Apple Wants Congress To Decide Ongoing Battle With FBI On iPhone Encryption

The ongoing battle between Apple and the FBI has taken a rather interesting turn, with Apple apparently looking to get Congress involved in the dispute. Apple has been provided with a legal order from the federal circuit in the United States that tells the company to work with law enforcement agencies in an effort to unlock and leverage data from an iPhone belonging to one of the San Bernardino shooters. Apple has thus far contested the order due to the nature of the FBI demands, which essentially want a new version of iOS to be created to provide a backdoor into the mobile platform. Now, it is being reported that Apple would like the Congress to get involved in the matter and settle the dispute.

One of the leading lawyers on Apple’s payroll – Theodore Boutrous Jr. – has echoed a number of comments and sentiments made by Apple CEO Tim Cook as part of an open letter penned to employees of the company. Within it, Tim Cook argued that the government should withdraw the demands that it’s placing upon Apple due to the belief that they are essentially invalid under the terms of the All Writs Act of 1789.
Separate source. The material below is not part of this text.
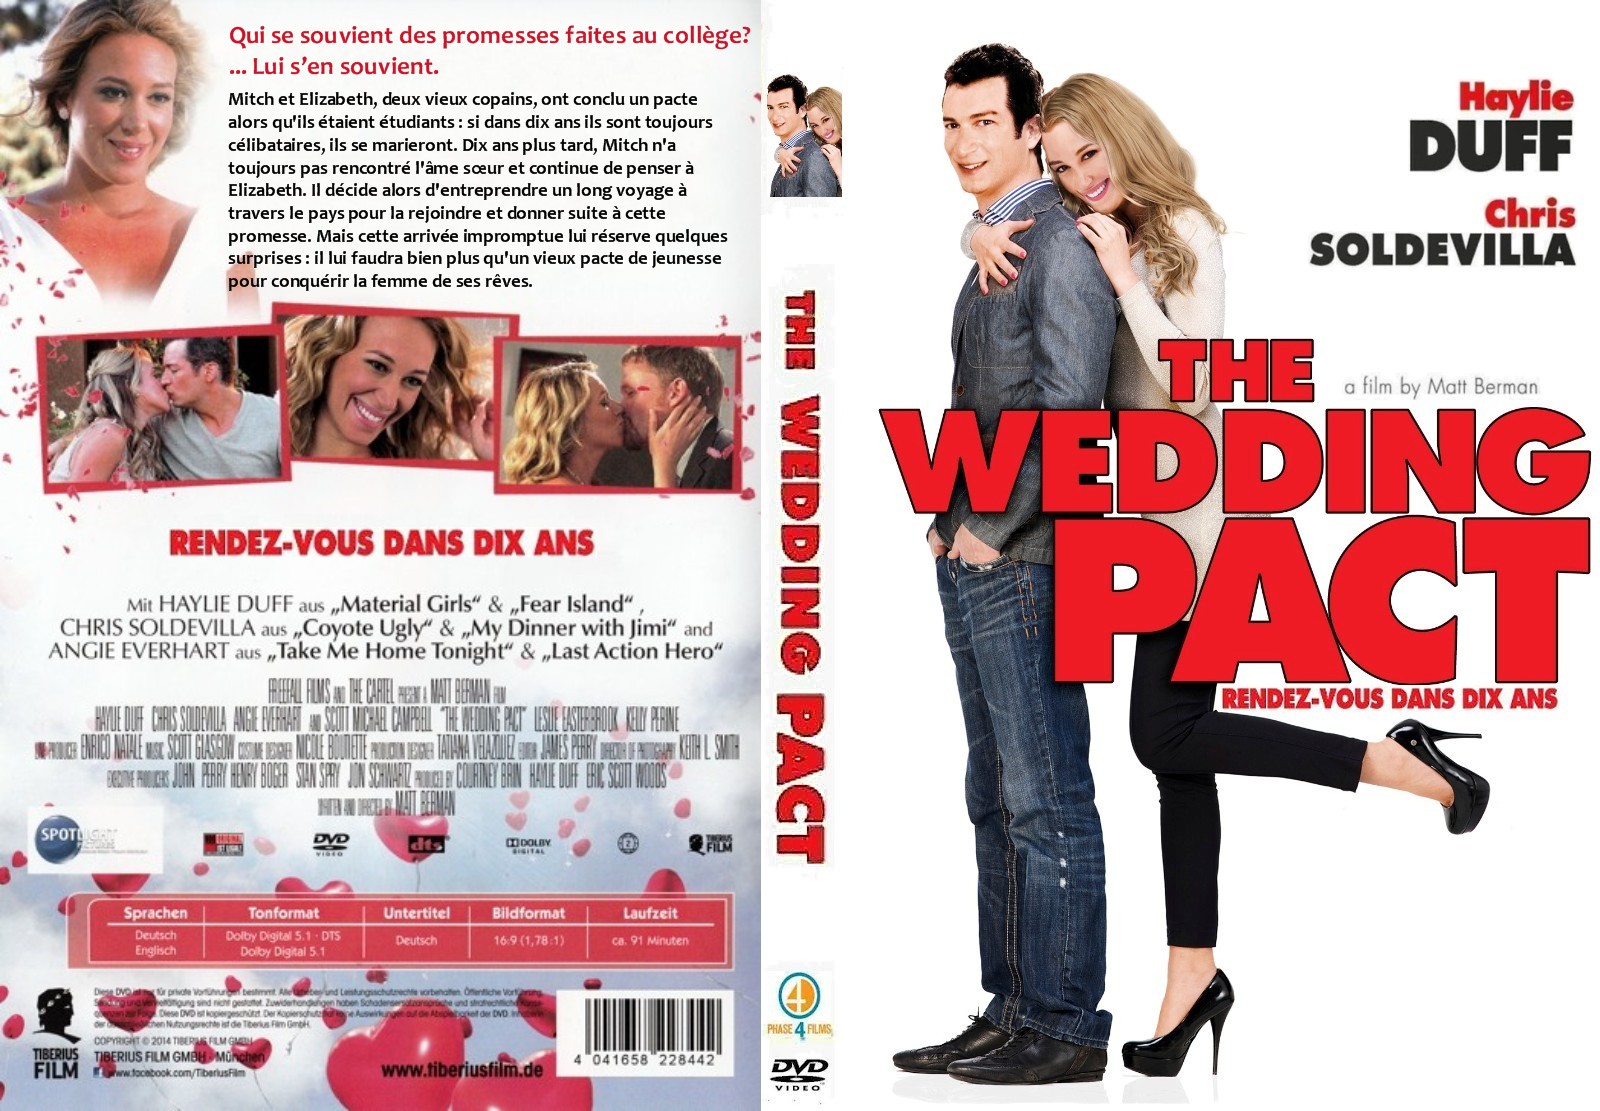 Jaquette DVD The Wedding Pact custom

Boutrous Jr. carries on that letter as part of an interview, by suggesting that the law does not provide government agencies with the legal authority to demand that companies create a backdoor to secure devices:

The government is really seeking to push the courts to do what they haven’t been able to persuade Congress to do. That’s to give it more broad, sweeping authority to help the Department of Justice hack into devices, to have a backdoor into devices, and the law simply does not provide that authority.

iOS 9 security main

The case has become a growing cause for concern due to recent revelations which suggested the government was looking to gain access to 12 more devices than just the single iPhone 5c involved in the case of the San Bernardino shooting in California. Today’s report suggests that Apple will attempt to leverage the attention of Congress in an effort to argue against all of these cases in one go.